Mudanças nos modelos de produção
Em paralelo, produziu-se uma clara evolução da produção de software graças aos novos métodos muito mais ágeis que implicam uma integração e implementação contínua de novos produtos e serviços. Isto supôs um maior envolvimento nesta tarefa dos responsáveis de infraestrutura. Engenheiros de Sistemas, tradicionalmente, mas também de Redes e Segurança foram integrados nas equipas de trabalho juntos com os programadores de aplicações, com o objetivo de lhes apoiar e reduzir ao máximo os tempos de integração e implementação das mesas (metodologias ágeis, ambientes DevOps, etc.).
Mudanças nos perfis profissionais
Parece claro que a tecnologia e os modelos de produção estão preparados para abordar estas alterações, mas, as empresas necessitam profissionais que as acompanhem nesta transformação, o que deve implicar a adaptação e crescimento dos perfis profissionais, tradicionalmente envolvidos, na administração de infraestruturas TIC. As linhas de separação entre distintos grupos tecnológicos são cada vez mais tênues, de modo que, as novas tecnologias (Cloud, SDN, AIOps, …) e os novos modelos de produção de serviços, requerem profissionais com um conhecimento mais transversal e com maior capacidade de interação com os seus companheiros.

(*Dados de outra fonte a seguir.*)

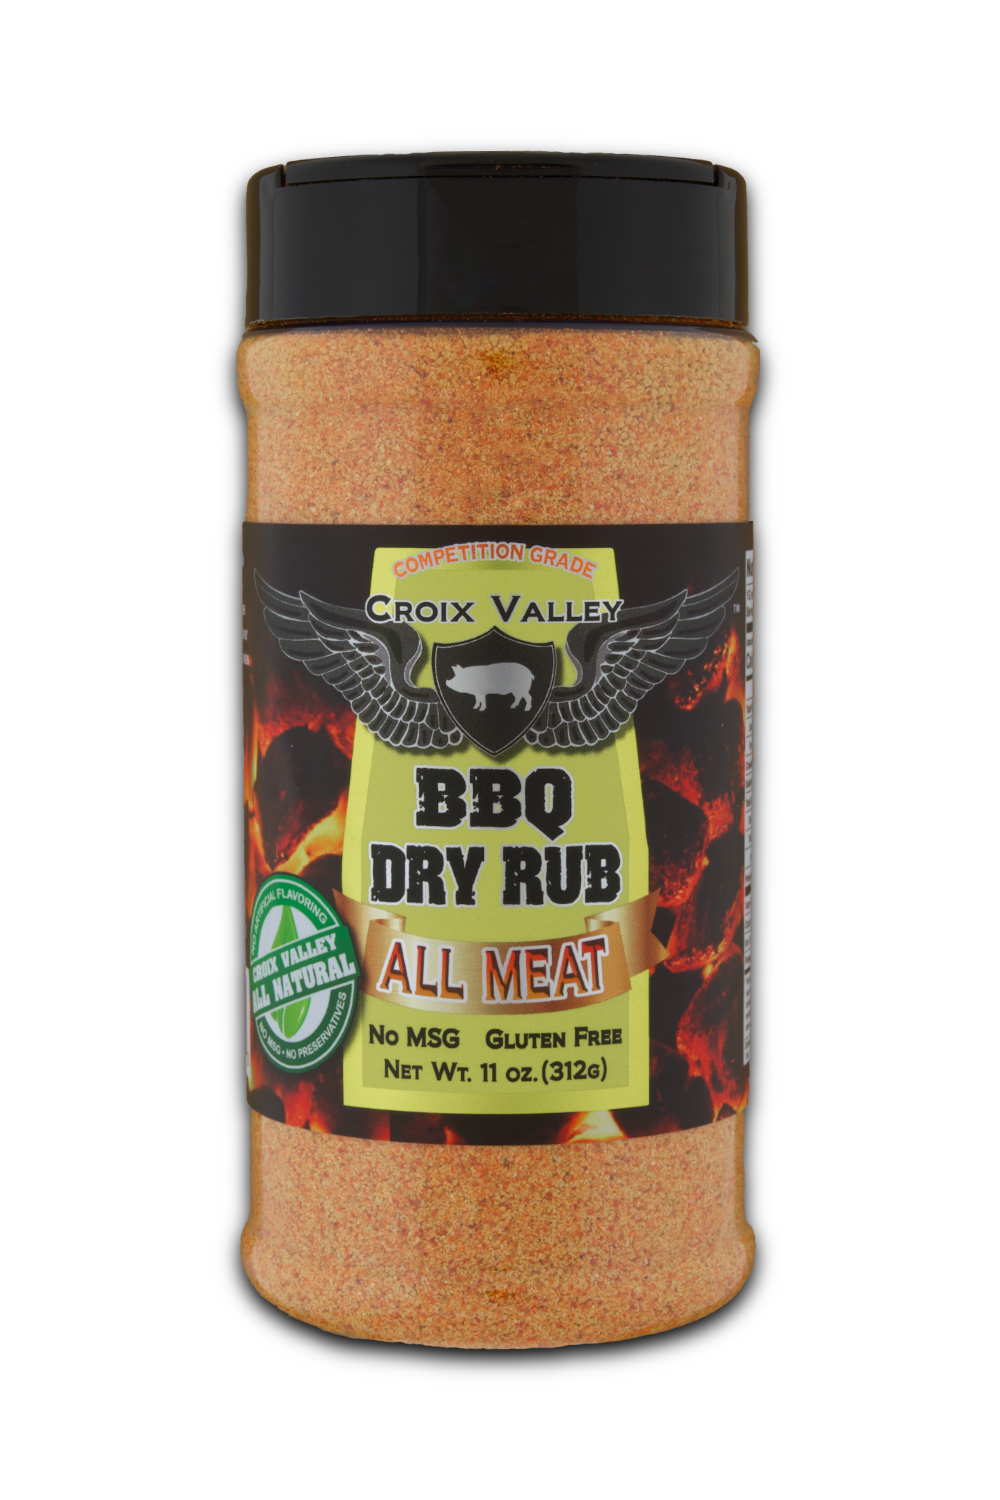 Croix Valley All Meat BBQ Dry Rub CV12 - 129803

Isto talvez não suponha um desafio para os novos profissionais, recém-incorporados ao mercado laboral e com facilidade de aprendizagem e adaptação “ao desconhecido”, mas sim que poderá ser uma barreira difícil de ultrapassar para profissionais sénior que estão há anos centrados na sua metodologia e âmbito de trabalho e no aperfeiçoamento do seu conhecimento matriz (as redes, a segurança, o data center,…). No entanto, o novo ambiente TIC veio para ficar, pelo que as pessoas que estão há bastante tempo neste setor não têm outra opção que a adaptação, a aquisição de novos conhecimentos e o contributo da sua experiência para essa mudança.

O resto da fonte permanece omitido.